> **Task directions**:
Leave out the pictures and output exactly the lines below from the one with "R&B スタイリッシュ くつろぐ ...の再生済みの波形" down to the one with "Anniversary designer wedding", both of them included.

> **Records supplied**:
_ _ _

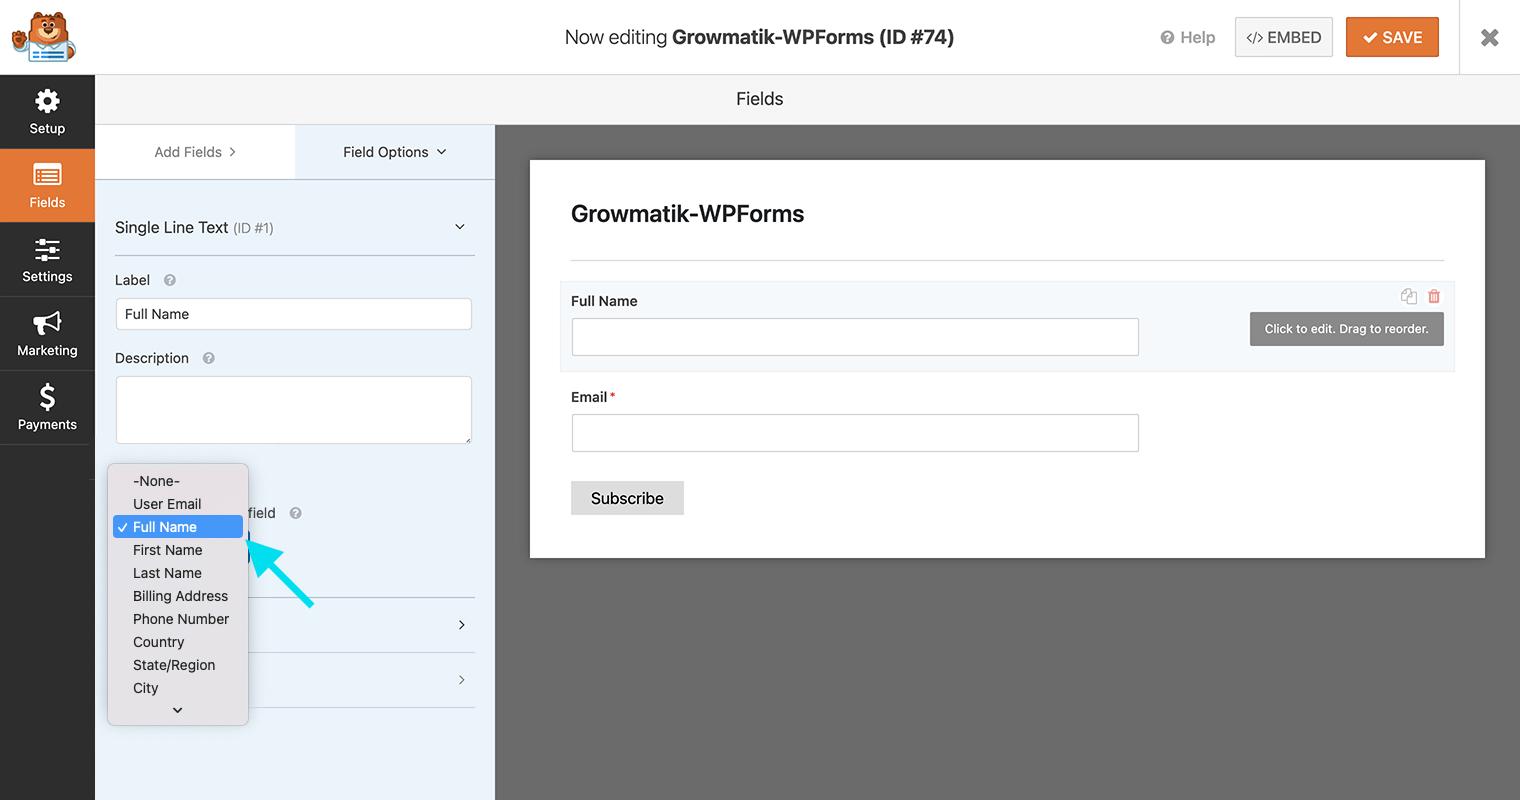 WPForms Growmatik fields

_ _ _

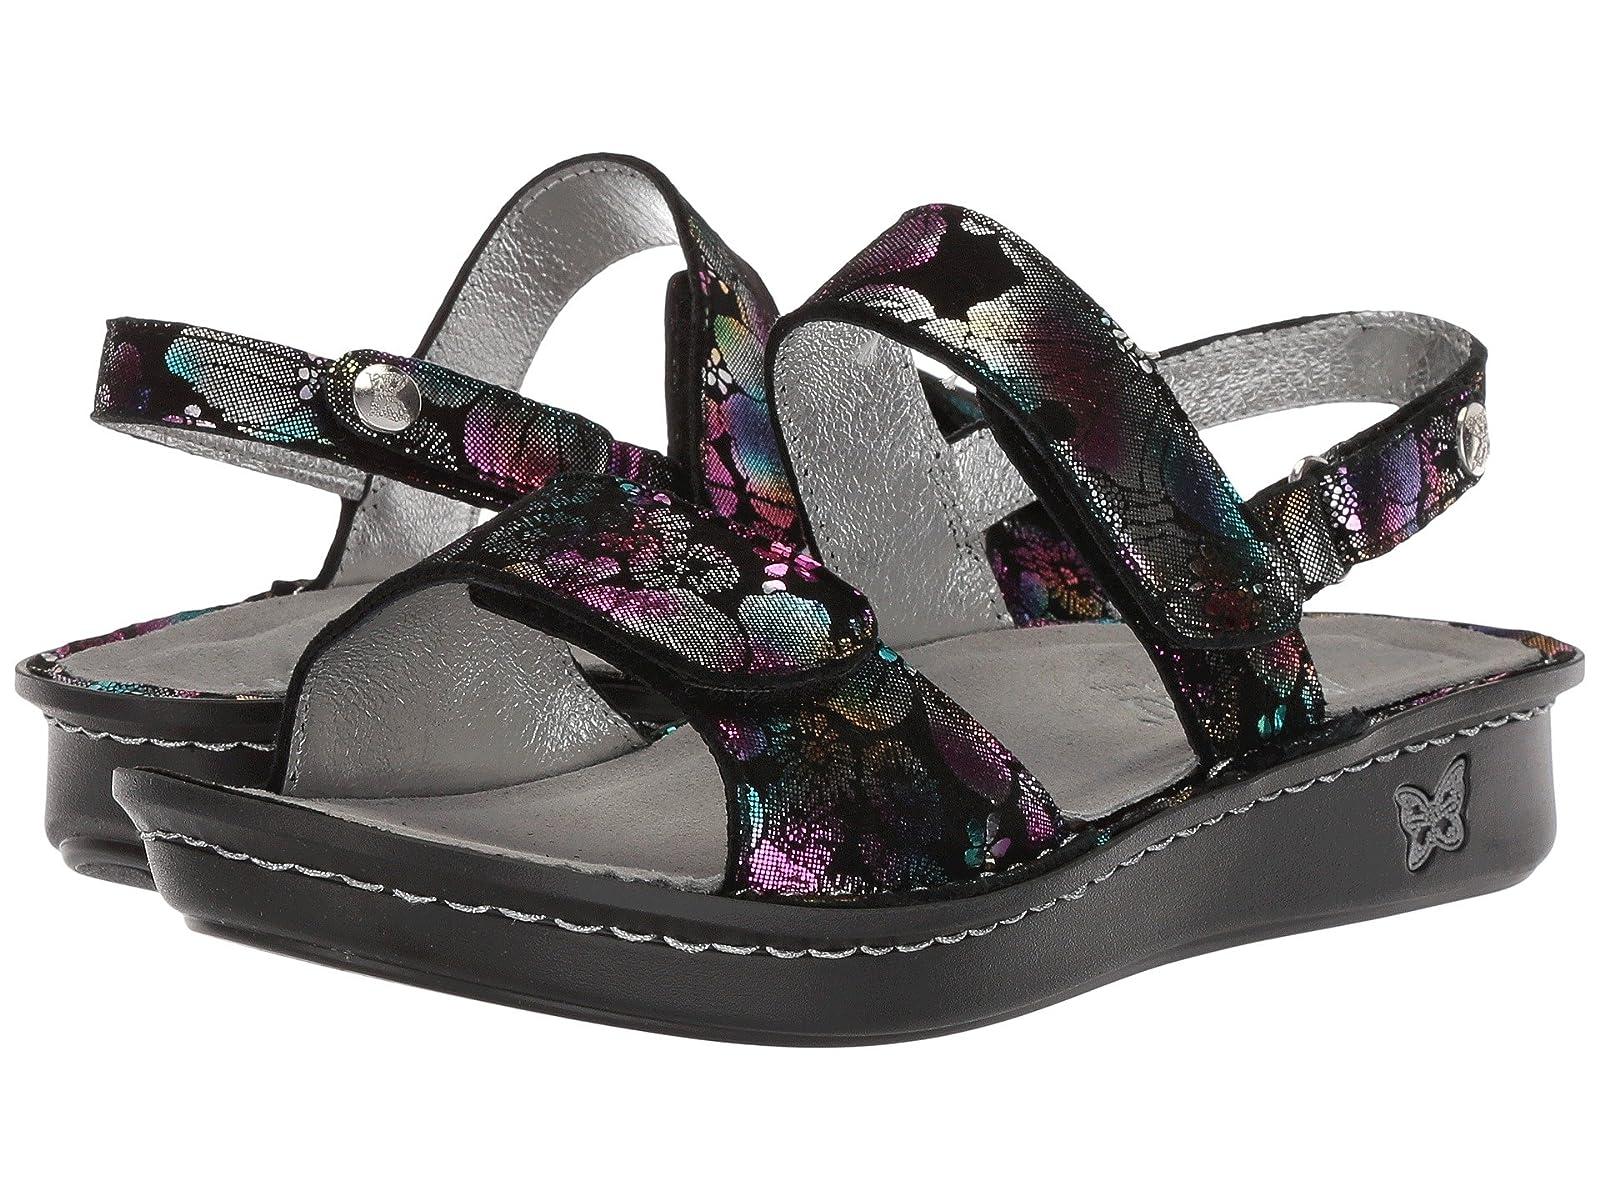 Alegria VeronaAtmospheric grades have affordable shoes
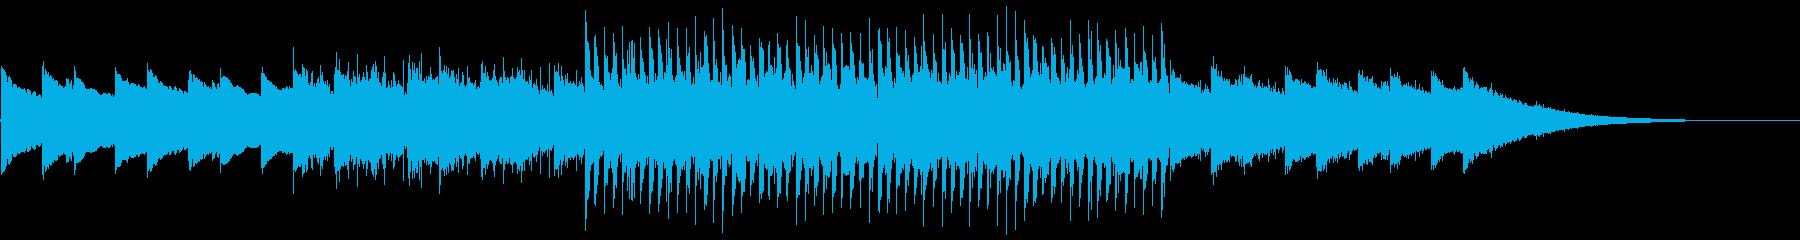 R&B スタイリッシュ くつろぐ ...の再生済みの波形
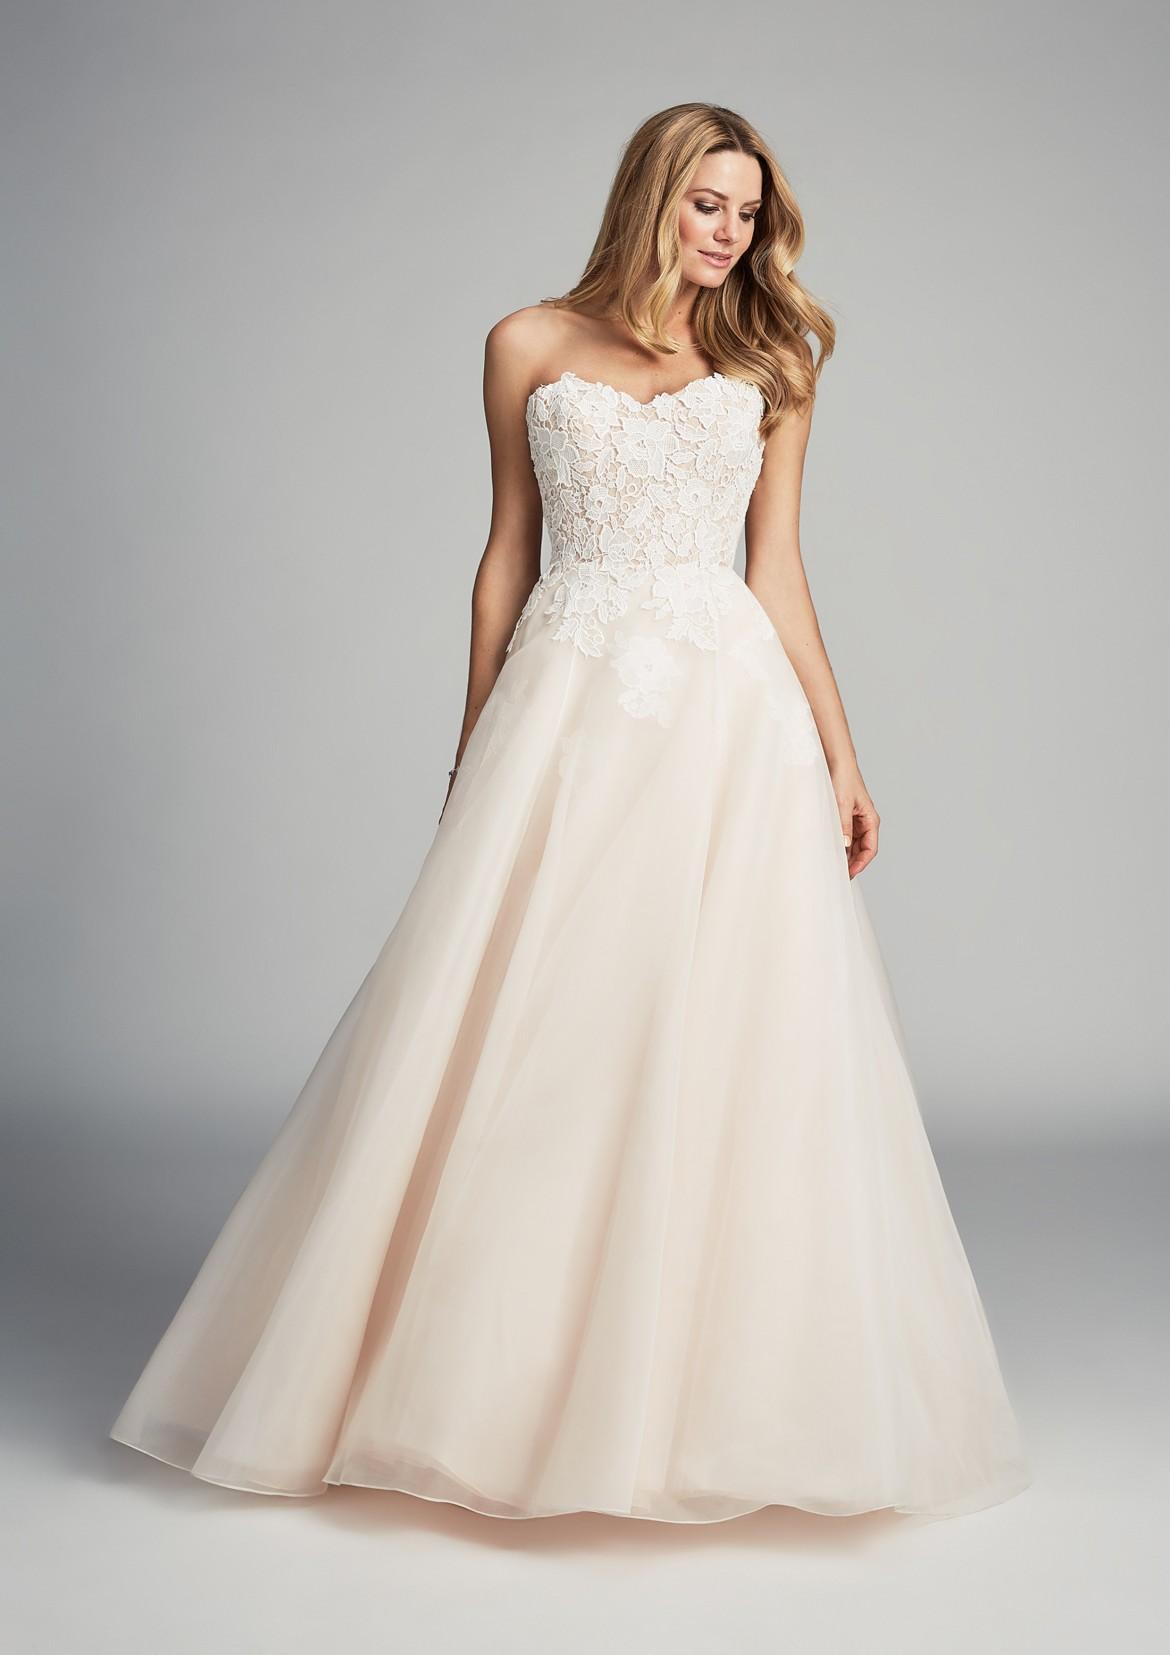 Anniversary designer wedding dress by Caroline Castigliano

_ _ _

> **Written response**:
 R&B スタイリッシュ くつろぐ ...の再生済みの波形
 Anniversary designer wedding dress by Caroline Castigliano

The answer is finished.